[THE DATA — start]

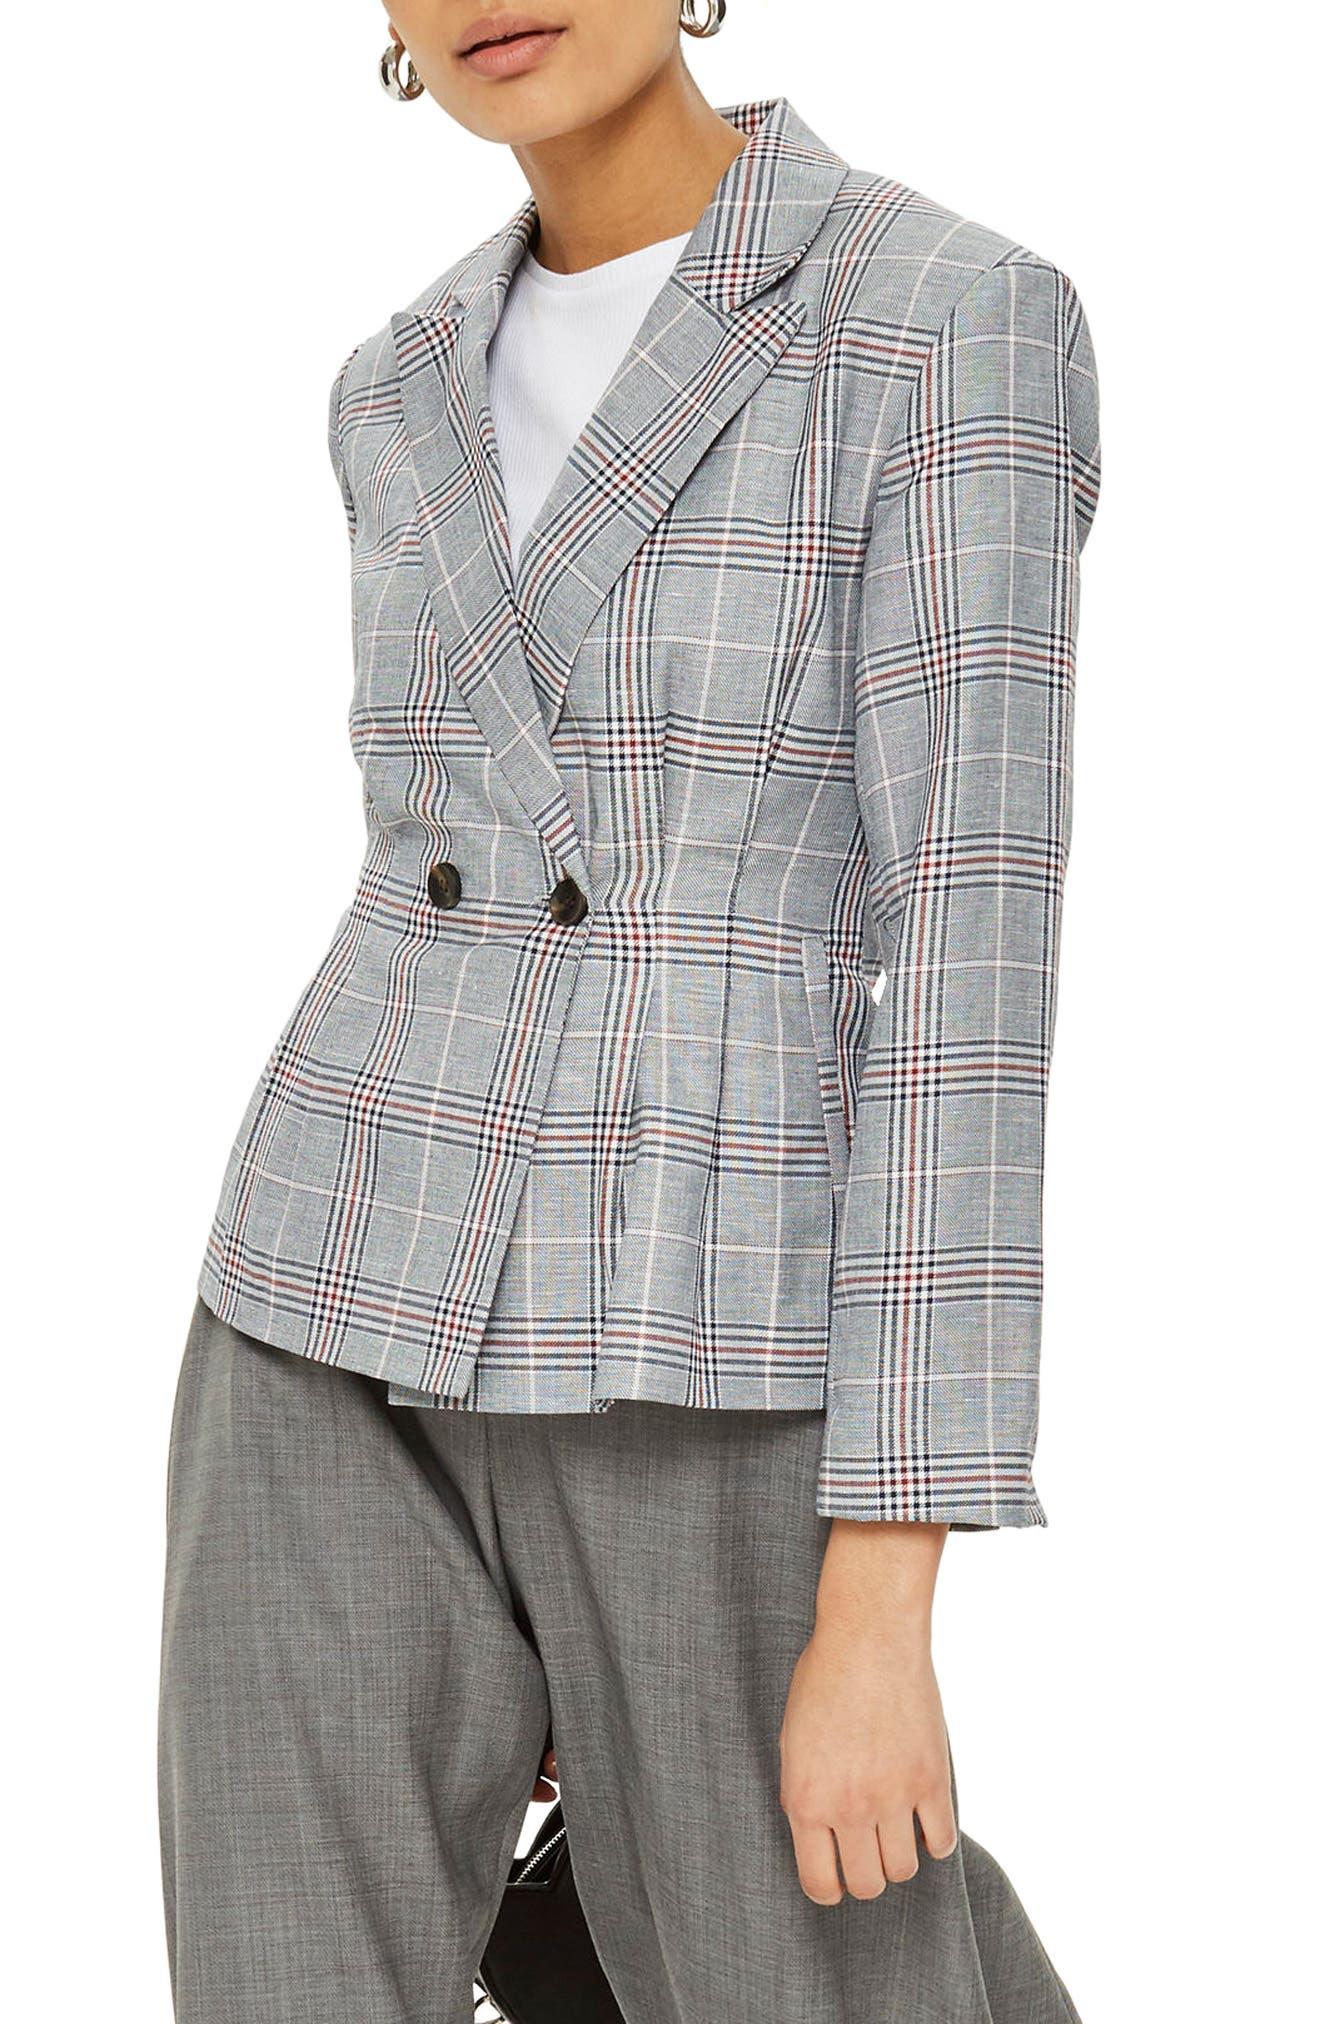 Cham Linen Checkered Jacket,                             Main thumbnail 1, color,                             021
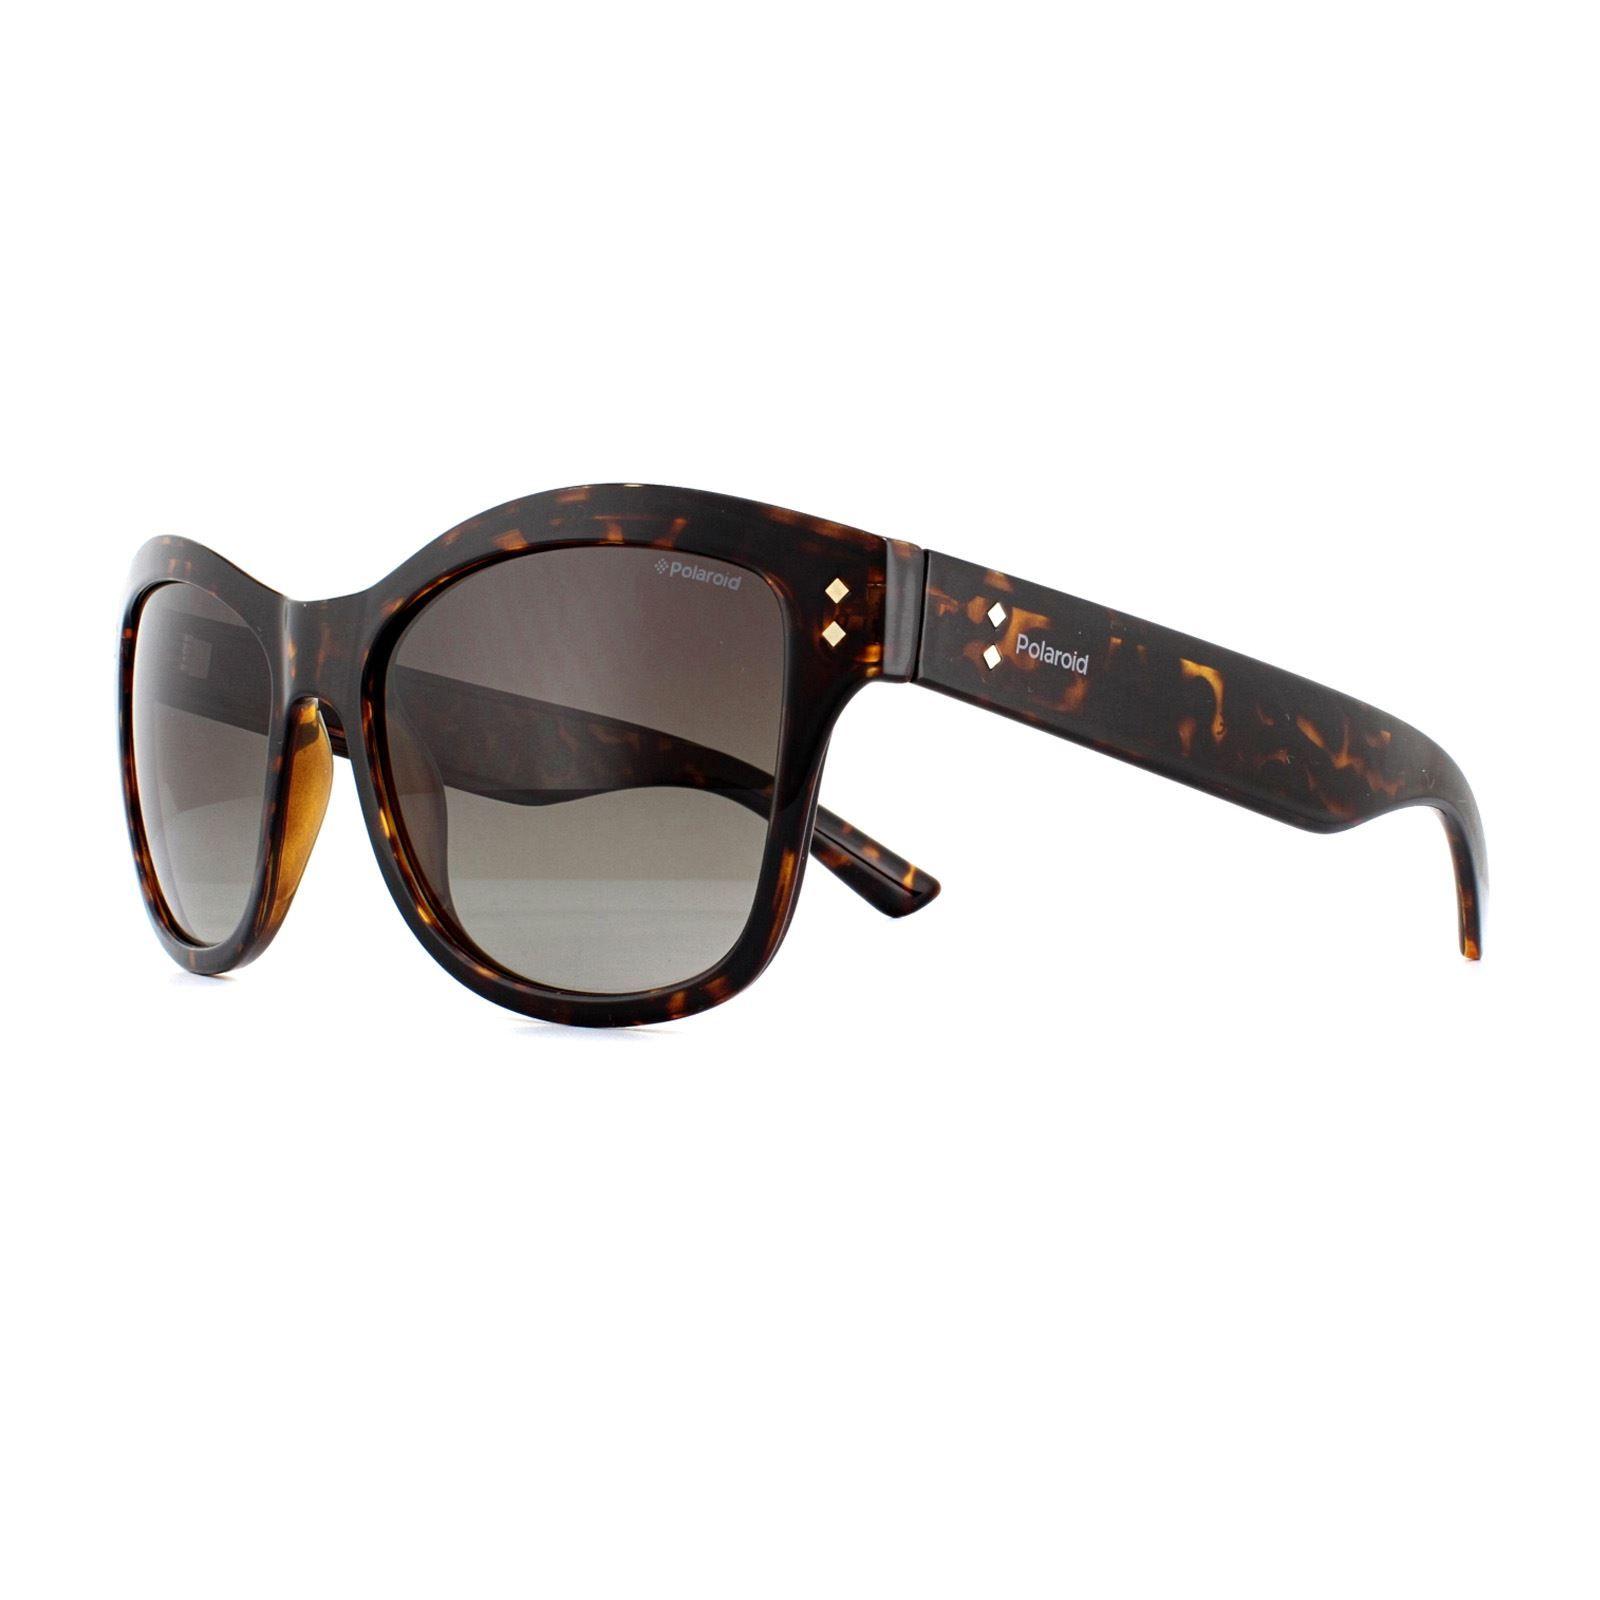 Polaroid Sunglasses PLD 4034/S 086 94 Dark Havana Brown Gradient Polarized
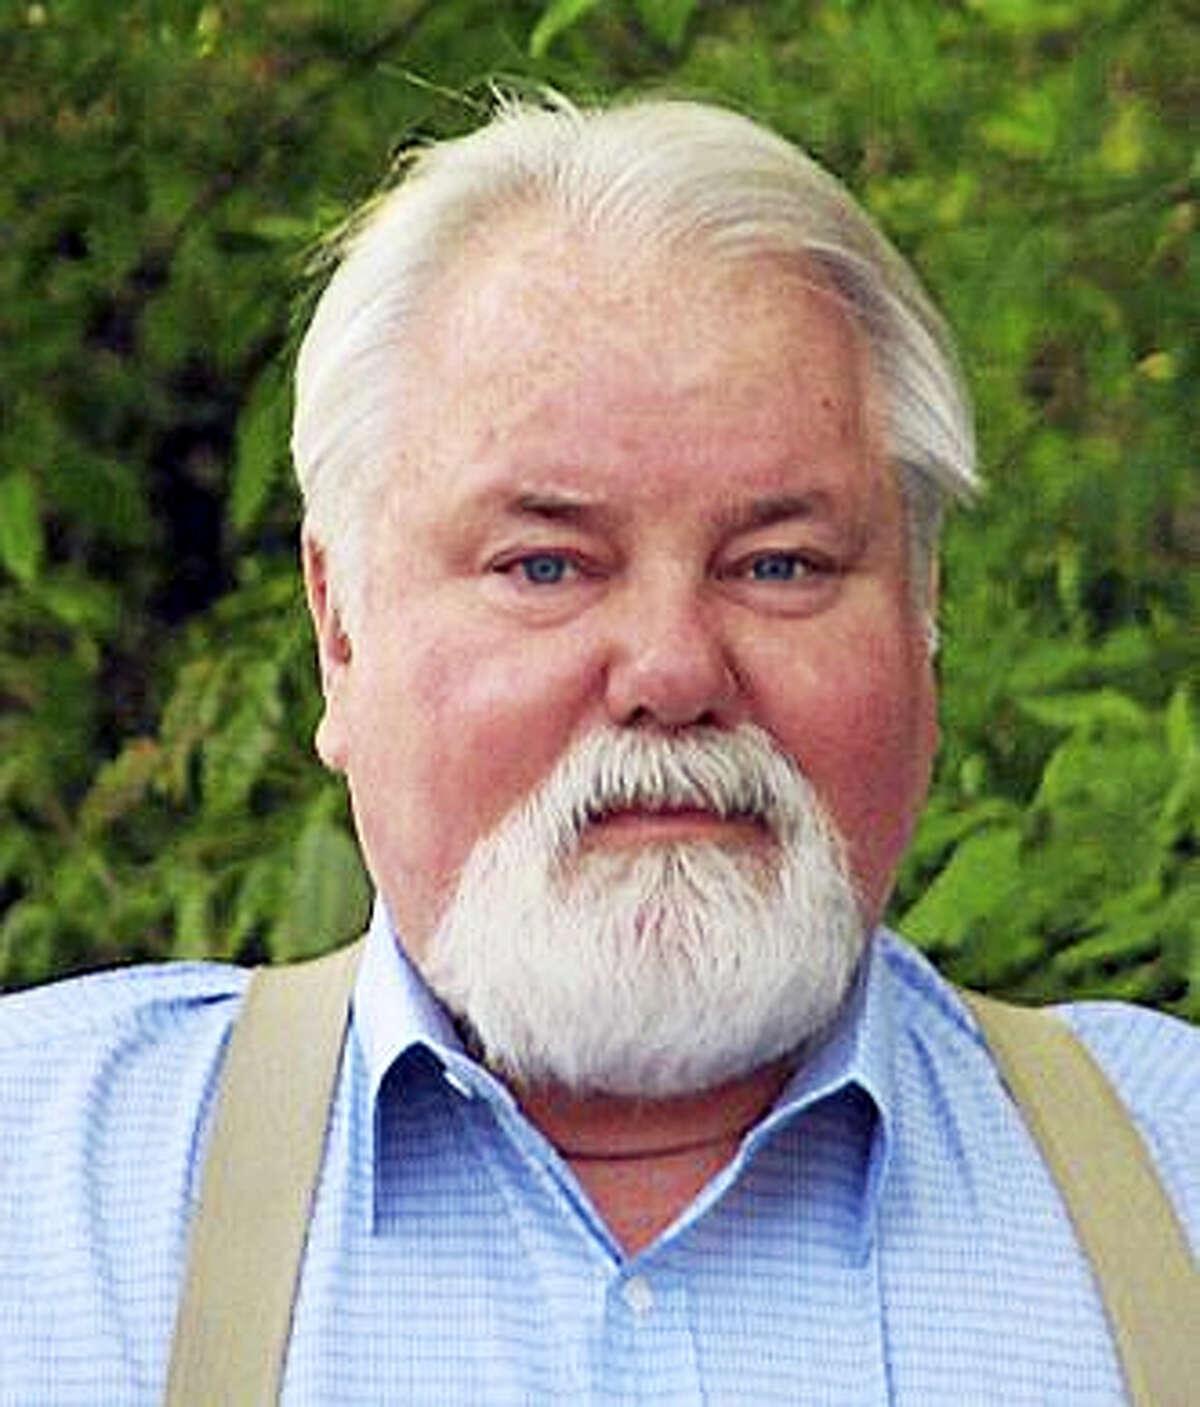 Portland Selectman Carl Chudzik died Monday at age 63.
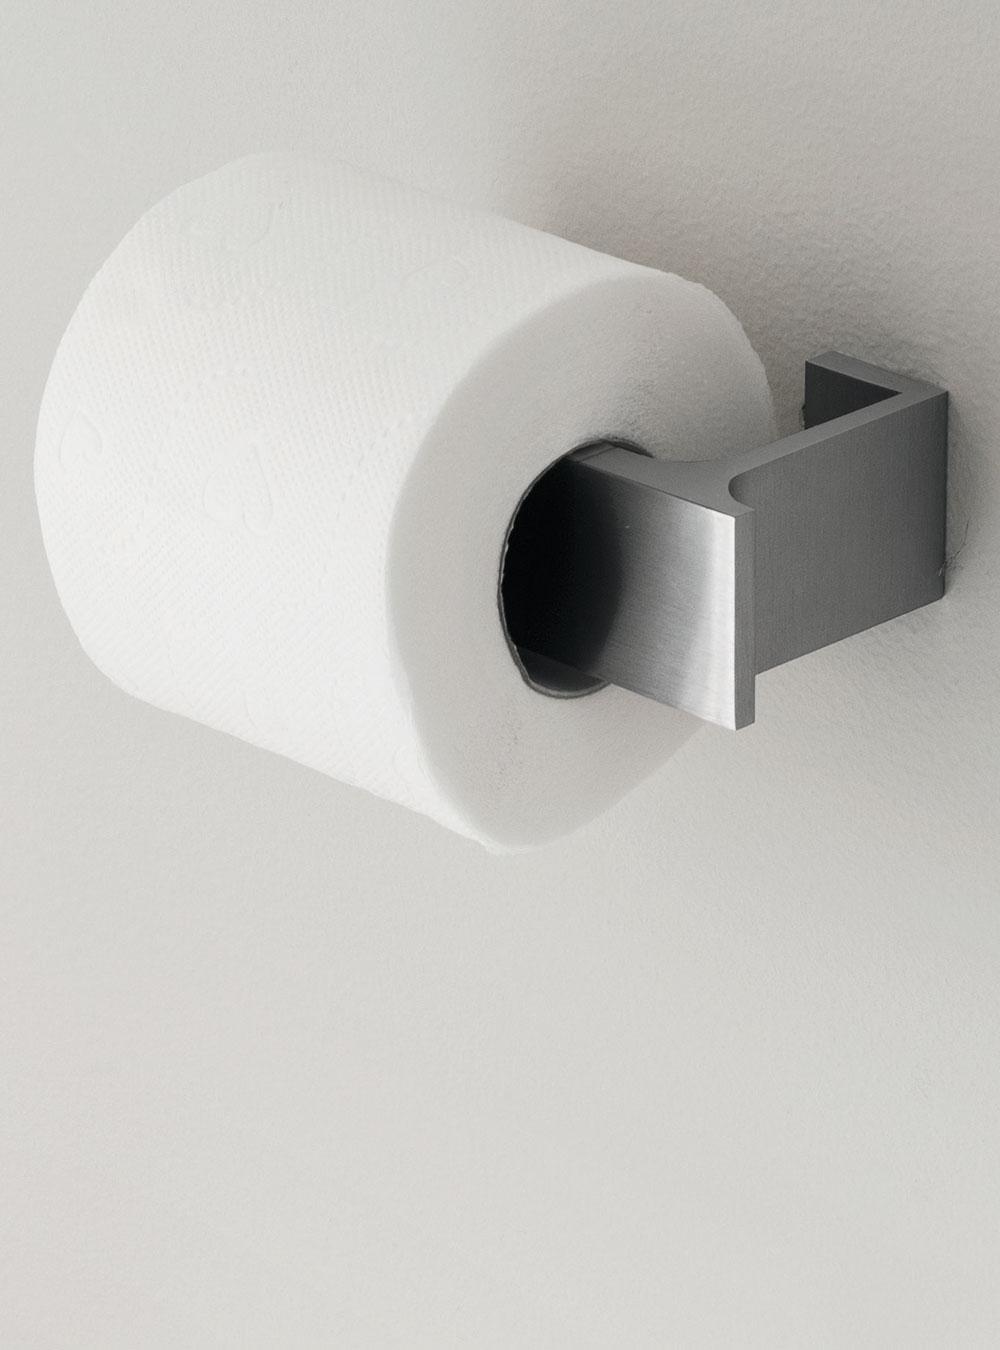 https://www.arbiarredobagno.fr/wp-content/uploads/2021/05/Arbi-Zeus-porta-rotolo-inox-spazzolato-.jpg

[THE DATA — finish]

Nothing but an exact copy of the data, without its images, should make up your answer.

 Cham Linen Checkered Jacket,                             Main thumbnail 1, color,                             021
 Polaroid Sunglasses PLD 4034/S 086 94 Dark Havana Brown Gradient Polarized
 Portland Selectman Carl Chudzik died Monday at age 63.
 https://www.arbiarredobagno.fr/wp-content/uploads/2021/05/Arbi-Zeus-porta-rotolo-inox-spazzolato-.jpg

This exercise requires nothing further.